The idea of parallelizing Metropolis−Hastings using multiple proposals has been investigated previously; however, the main shortcoming of such attempts has been their lack of computational efficiency. Algorithms such as Multiple Try Metropolis (20), Ensemble MCMC (21), and “prefetching” approaches (22, 23) all allow the computation of multiple proposals or future proposed paths in parallel, although only one proposal or path is subsequently accepted by the Markov chain, resulting in wasted computation of the remaining points. Another class of approaches involves incorporating rejected states into the Monte Carlo estimator with an appropriate weighting, such that the resulting estimate is still unbiased. An overview of such approaches is given by Frenkel (24). In particular, the work presented by Tjelmeland (25) makes use of multiple rejected states at each iteration and is related to the ideas presented here, although recent investigations suggest that including all rejected proposals may in fact sometimes result in a Monte Carlo estimate with asymptotically larger variance than using only accepted states (26).

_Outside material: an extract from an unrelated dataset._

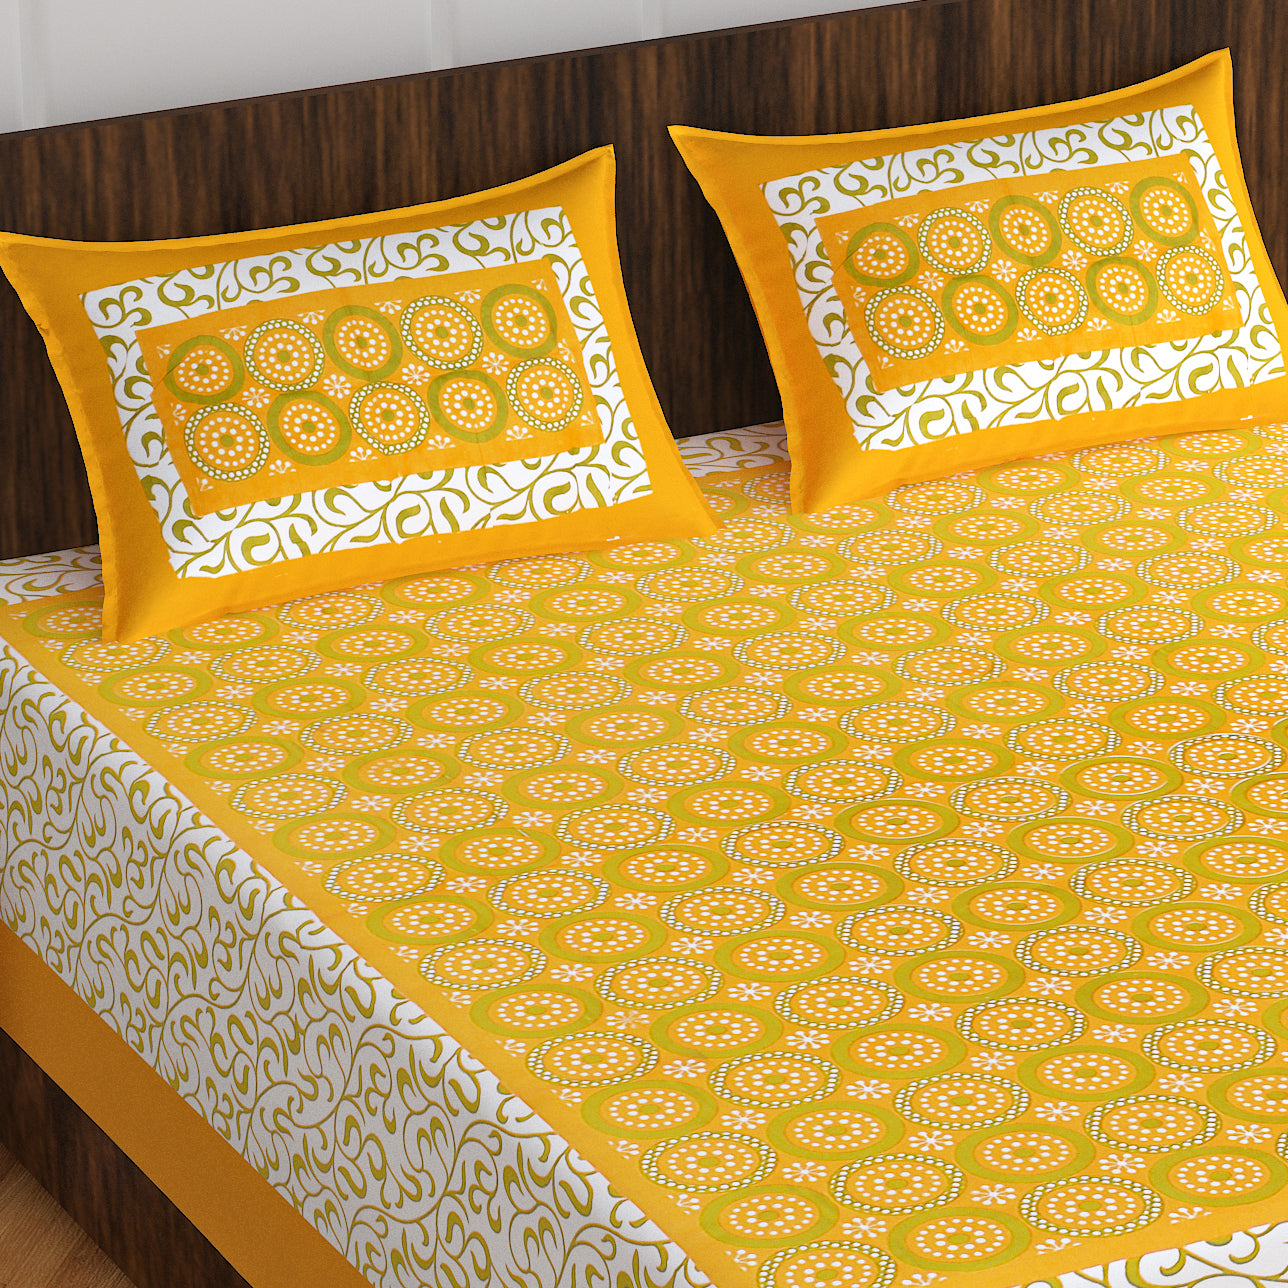 Rajasthani Trendy Bedsheet 100% Cotton Bedsheet 280-TC Cotton Queen Size Bedsheet With 2 Pillow Cover www.jaipurtohome.com

In this paper, we present a generalization of Metropolis−Hastings that may be used to parallelize a wide variety of existing MCMC algorithms, including most of those mentioned previously, from simple random-walk Metropolis to more recent Langevin-based algorithms, defined either on Euclidean or Riemannian spaces, and Adaptive MCMC. The approach we propose is highly scalable and may offer a couple of magnitudes improvement in time-normalized efficiency over existing algorithms. The approach offers additional practical benefit for Hamiltonian Monte Carlo (HMC) methods, by improving robustness to the choice of tuning parameters and providing a principled way of making use of the intermediate integration steps that are calculated at every iteration.

Metropolis−Hastings for a Single Proposed Point

The original Metropolis algorithm is straightforward to understand since it is implemented with a symmetric proposal distribution (27). If the probability at the proposed point is greater than at the current point, the move is always accepted. Otherwise, it is only accepted with probability proportional to the ratio of the new point and the old point; intuitively, it is visited less often to ensure that the long-term frequency of visits is proportional to its underlying probability. The extension by Hastings (28) ensures convergence to the correct stationary distribution when using nonsymmetric proposals; the new acceptance ratio effectively removes the bias introduced by the fact that now some reverse moves will have a different probability of being proposed than the forward move.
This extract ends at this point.